Infinitely Losing My Edge
Yeah, I'm losing my edge.
I'm losing my edge.
The kids are coming up from behind.
I'm losing my edge.
I'm losing my edge to the kids from Thailand and from Philadelphia.
But I was there.
I was there in 1967.
I was there at the first Rodriguez show in Detroit.
I'm losing my edge.
I'm losing my edge to the kids whose footsteps I hear when they get on the decks.
I'm losing my edge to the internet seekers who can tell me every member of every good group from 1965 to 1979.
I'm losing my edge.
To all the kids in Lyon and Woodstock.
I'm losing my edge to the art-school Shanghai kids in little jackets and borrowed nostalgia for the unremembered nineties.
I'm losing my edge.
I'm losing my edge.
I can hear the footsteps every night on the decks.
But I was there.
I was there in 1973 at the first Television practice in a loft in New York.
I was working on the oboe sounds with much patience.
I was there when David Bowie started up his first band.
I told him, "Don't do it that way. You'll never make a dime."
I was there.
I was the first guy playing Television Personalities to the crunk kids.
I played it at CBGB's.
Everybody thought I was crazy.
We all know.
I was there.
I was there.
I've never been wrong.
But I'm losing my edge to better-looking people with better ideas and more talent.
And they're actually really, really nice.
I'm losing my edge.
I heard you have a compilation of every good song ever done by anybody.
Every great song by Saccharine Trust. All the underground hits.
All Gerry Rafferty tracks. I heard you have a vinyl of every The Offenders record on German import.
I heard that you have a white label of every seminal techno hit - 1985, '86, '87.
I heard that you have a CD compilation of every good '50s cut and another box set from the '80s.
I hear you're buying a spring reverb and a chamberlin and are throwing your macbook out the window because you want to make something real. You want to make a Big Daddy Kane record.
I hear that you and your band have sold your harpsichord and bought a sitar.

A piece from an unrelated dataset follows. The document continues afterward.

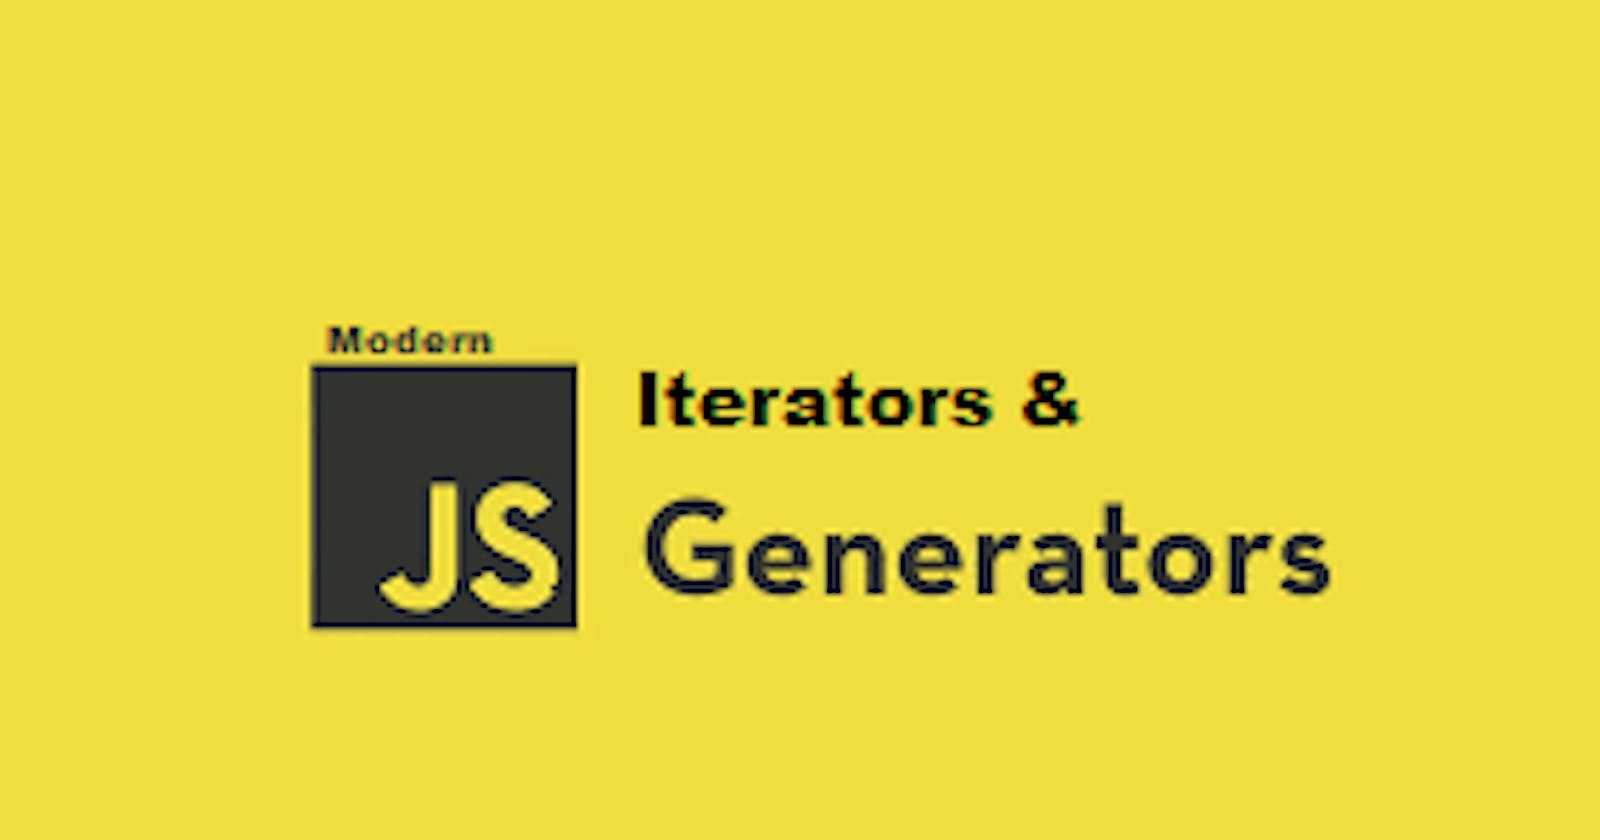 Generators - Modern Javascript

I hear that you and your band have sold your sitar and bought a harpsichord.
I hear everybody that you know is more relevant than everybody that I know.
But have you seen my records?
The Residents,
Avey Tare & Kría Brekkan,
Sonny Sharrock,
The West Coast Pop Art Experimental Band,
Los Fastidios,
Faust,
Yellowson,
Wire,
Subhumans,
Half Japanese,
Interpol,
The Smiths,
Gil Scott-Heron & Brian Jackson,
DNA,
Bauhaus,
Clear Light,
The Names,
Aural Exciters,
The Alarm Clocks,
Slave,
Jimmy McGriff,
The Fortunes,
Nils Olav,
Gil Scott Heron,
The Raincoats,
Drive Like Jehu,
Kool Moe Dee,
Das Ding,
Andrew Hill,
Sällskapet,
Surgeon,
Duran Duran,
Warsaw,
Judy Mowatt,
Super Lover Cee & Casanova Rud,
Ten City,
Ash Ra Tempel,
Zero Boys,
Mad Mike,
Barrington Levy,
Vladislav Delay,
Black Sheep,
Matthew Halsall,
John Coltrane,
ABBA,
Eric Dolphy,
The Leaves,
Siouxsie and the Banshees,
The Fuzztones,
Dawn Penn,
Josef K,
Unwound,
Flipper,
Tears for Fears,
Notorious Big And Bone Thugs,
Strawberry Alarm Clock,
Davy DMX,
Man Eating Sloth,
Grandmaster Flash,
The Stooges,
Angry Samoans,
Television,
Black Moon,
Ponytail,
Byron Stingily, Byron Stingily, Byron Stingily, Byron Stingily.
You don't know what you really want.
You don't know what you really want.
You don't know what you really want.
You don't know what you really want.
You don't know what you really want.
You don't know what you really want.
You don't know what you really want.
You don't know what you really want.
You don't know what you really want.
You don't know what you really want.
You don't know what you really want.
You don't know what you really want.
You don't know what you really want.
You don't know what you really want.
You don't know what you really want.